In the spreadsheet if there is no ‘type’ for a row it means it didn’t match any of the criteria, but I included these rows anyway so we can check whether there are any other criteria the rows should match.  I also included all the OED citation dates (rather than just the first and last) for reference.  I noted that Fraser’s document doesn’t seem to take labels into consideration.  There are some labels in the data, and sometimes there’s a new label for an OED start or end date when nothing else is different, e.g. htid 1479 ‘Shore-going’:  This row has no ‘type’ but does have new data from the OED.

Another issue I spotted is that as the same ‘type’ variable is set when a start date matches the criteria and then when an end date matches the criteria, the ‘type’ as set during start date is then replaced with the ‘type’ for end date.  I think, therefore, that we might have to split the start and end processes up, or append the end process type to the start process type rather than replacing it (so e.g. type 2-13 rather than type 2 being replaced by type 13).  I also noticed that there are some lexemes where the HT has ‘current’ but the OED has a much earlier last citation date (e.g. htid 73 ‘temporal’ has 9999 in the HT but 1832 in the OED.  Such cases are not currently considered.

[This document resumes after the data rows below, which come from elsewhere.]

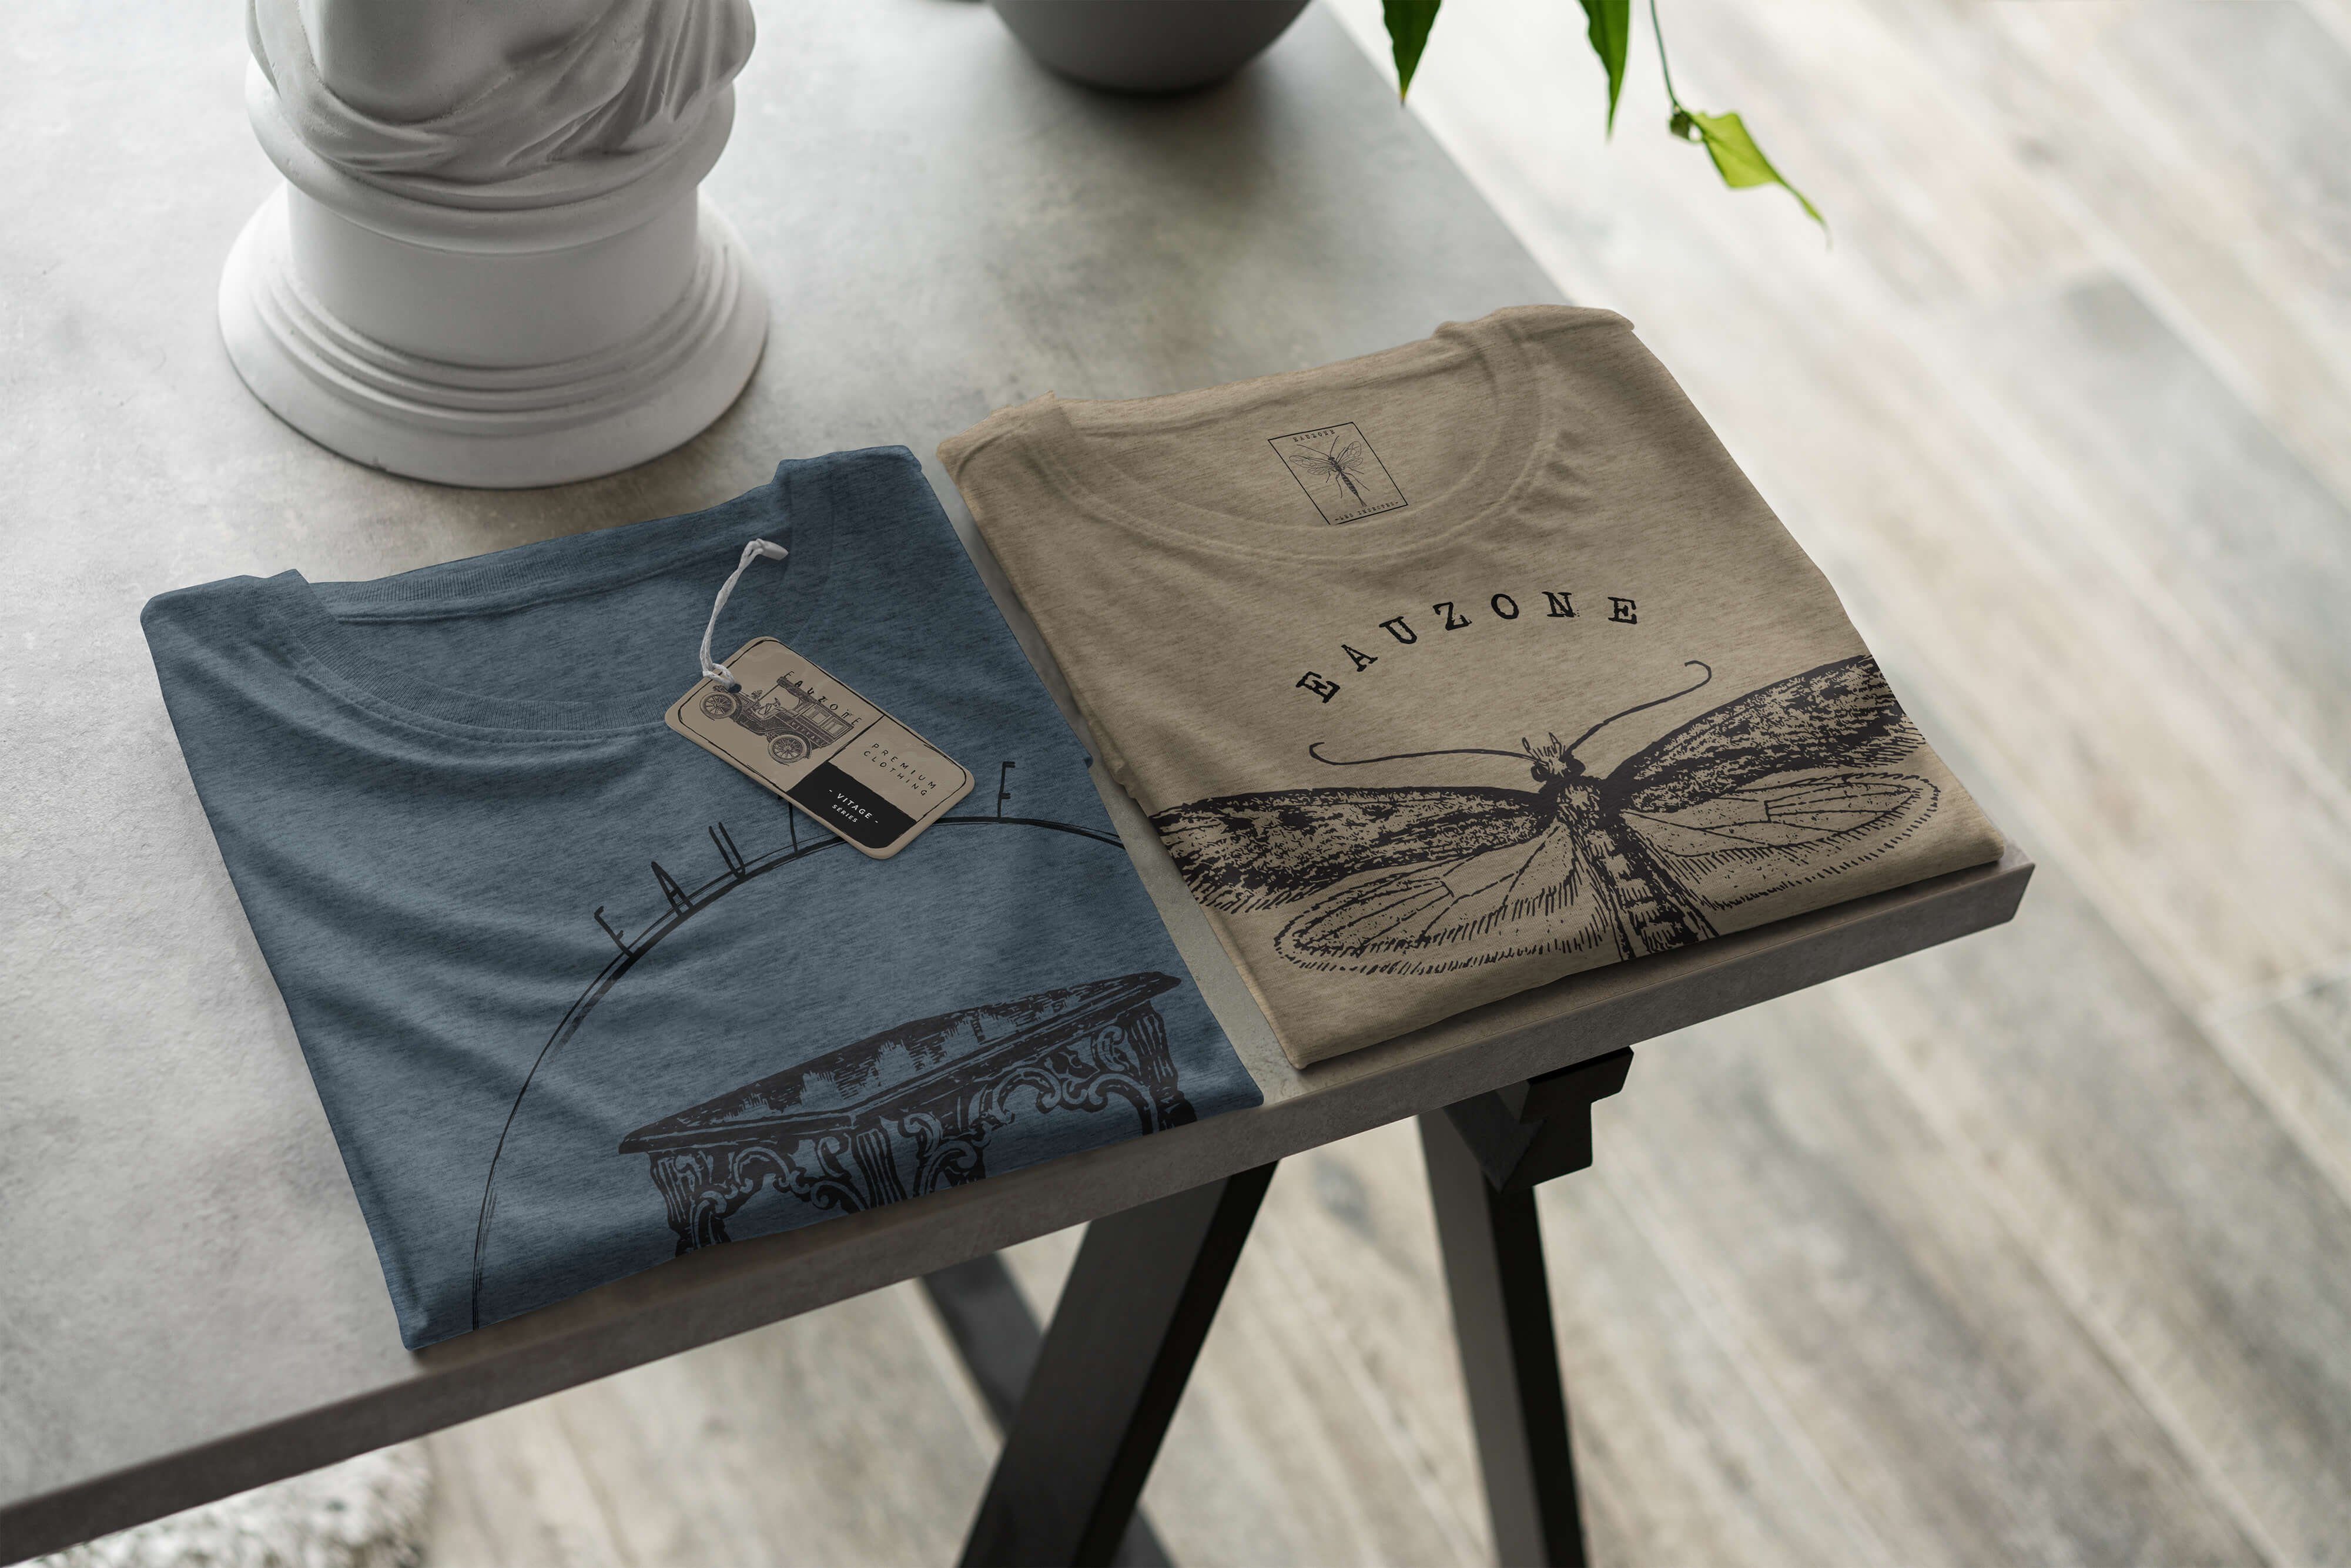 Sinus Art T-Shirt Herren Beistelltisch T-Shirt Vintage Indigo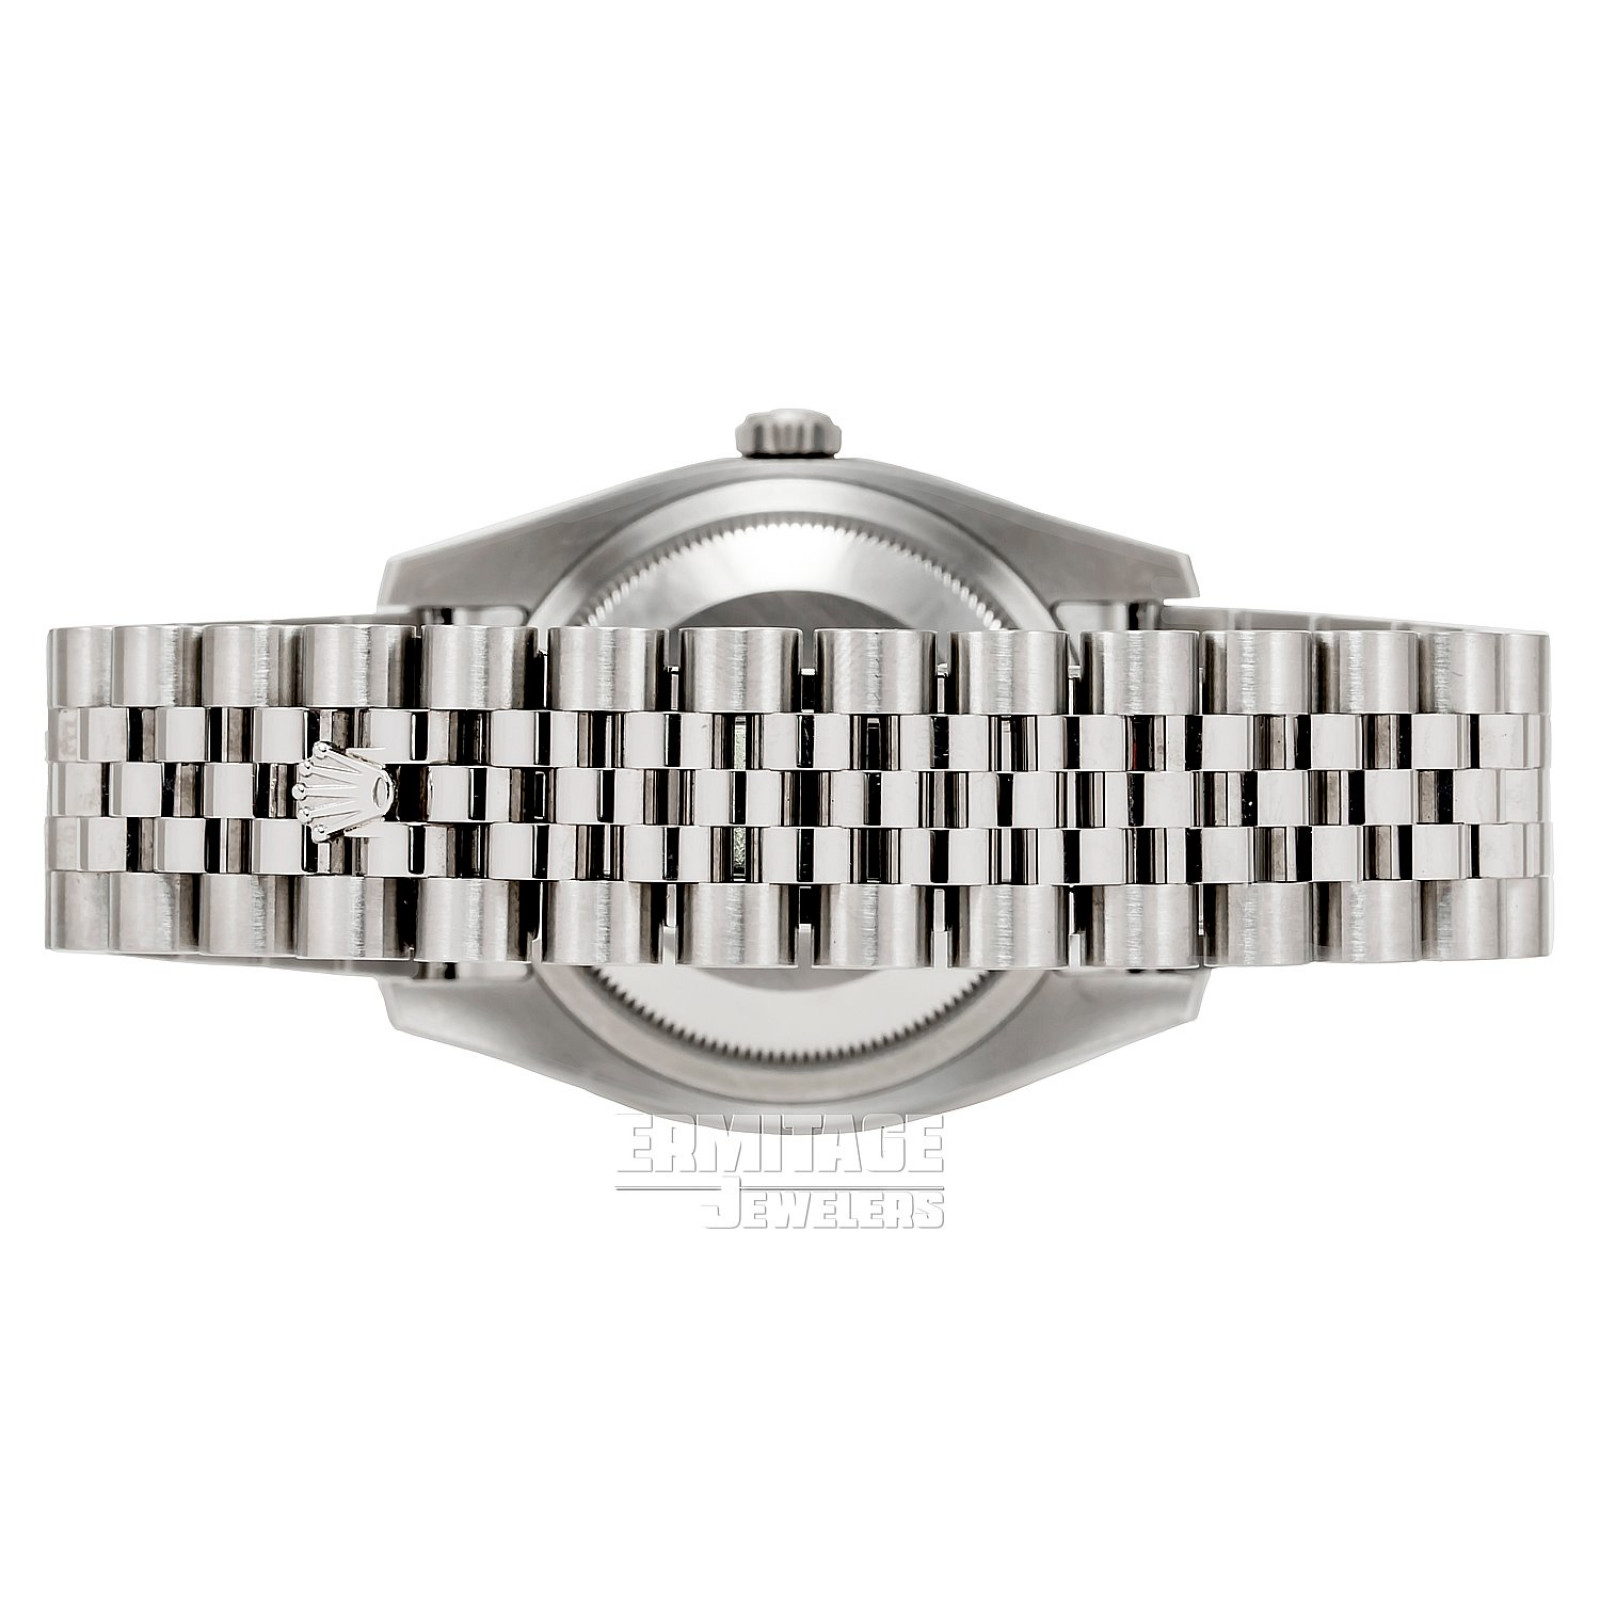 Rolex Datejust 116234 White Gold & Steel on Jubilee Bracelet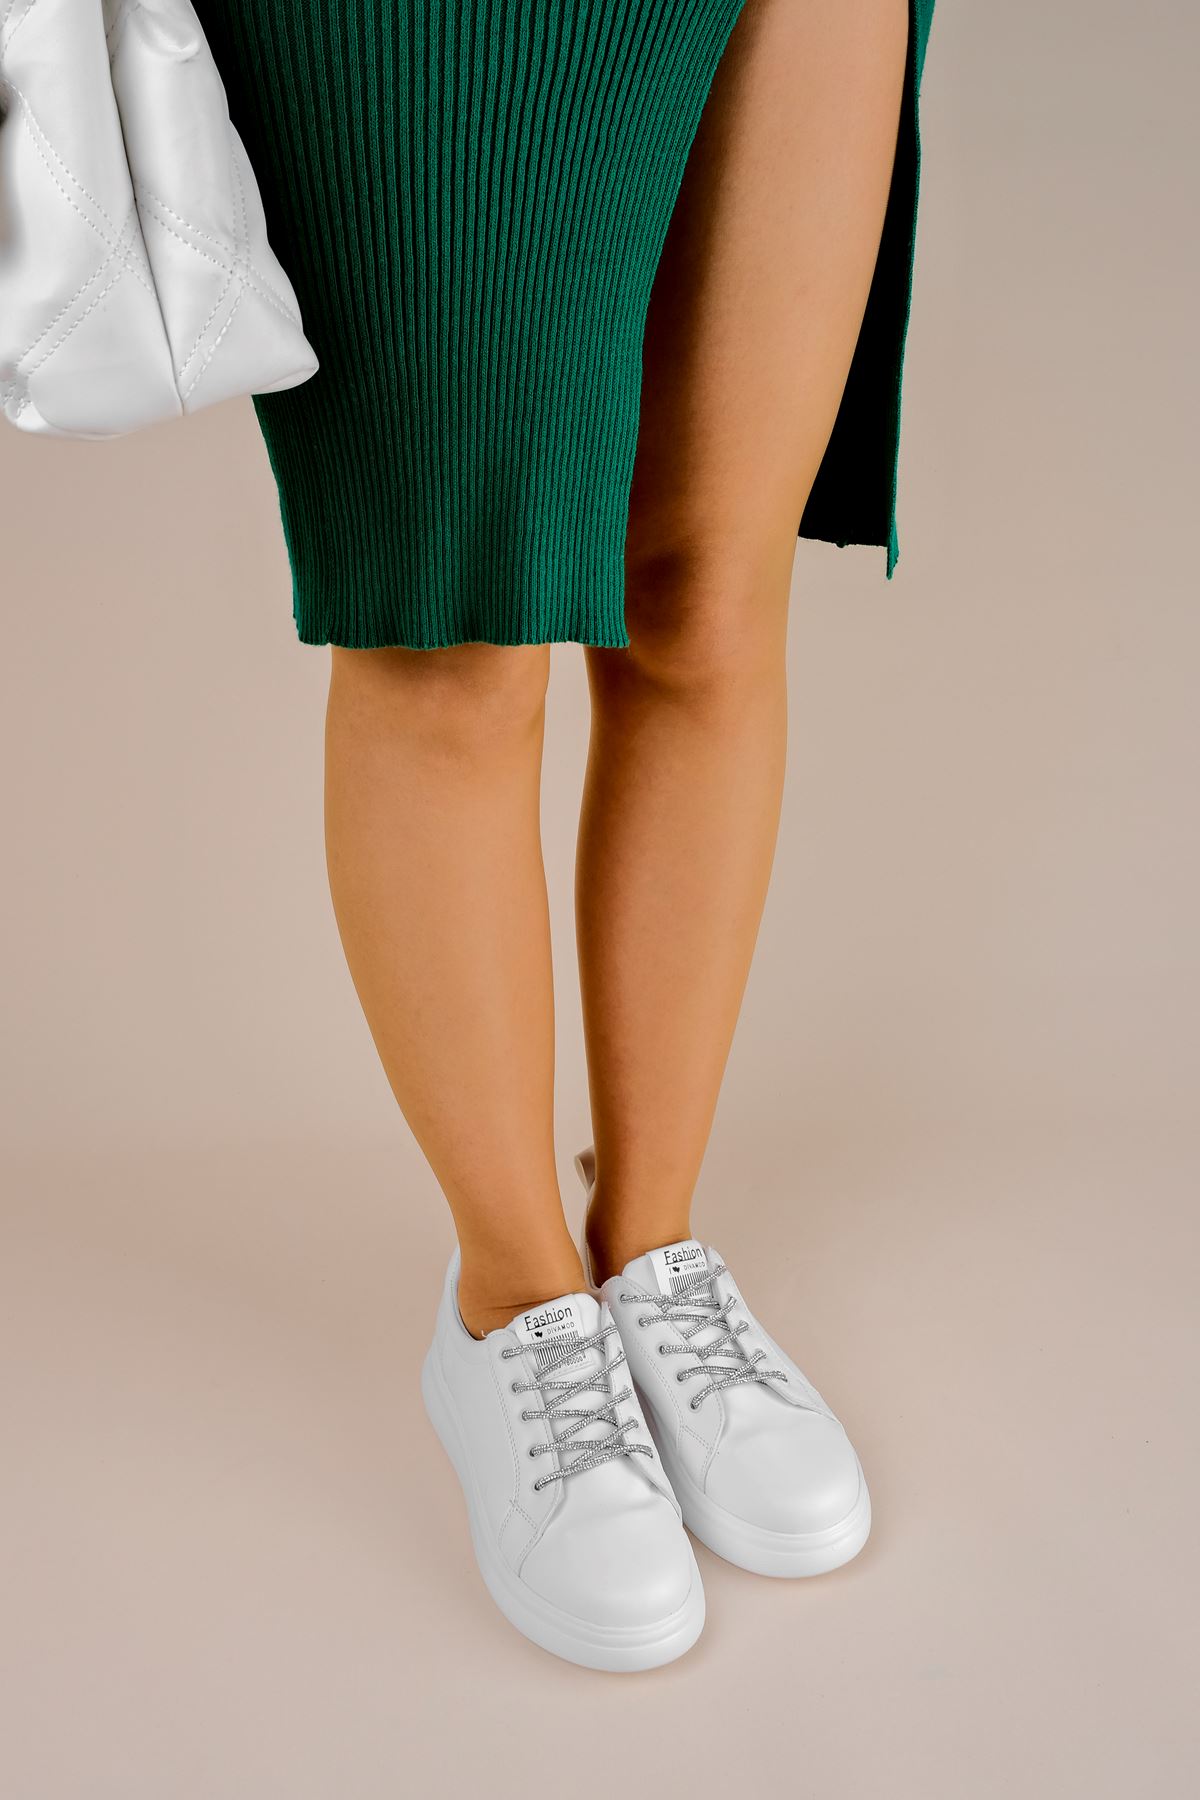 Belen Kadın Spor Ayakkabı Bağcık Parlak Taşlı-beyaz

Finally, according to the document, Antes and Circas are only considered for update if the OED and HT date is the same, but there are many cases where the start / end OED date is picked to replace the HT date (because it’s different) and it has an ‘a’ or ‘c’ and this would then be lost.  Currently I’m including the ‘a’ or ‘c’ in such cases, but I can remove this if needs be (e.g. HT 37 ‘orb’ has HT start date 1601 (no ‘a’ or ‘c’) but this is to be replaced with OED 1550 that has an ‘a’.  Clearly the script will need to be tweaked based on feedback from Marc and Fraser, but I feel like we’re finally making some decent progress with this after all of the preparatory work that was required to get to this point.

Next Monday is the Glasgow Fair holiday, so I won’t be back to work until the Tuesday.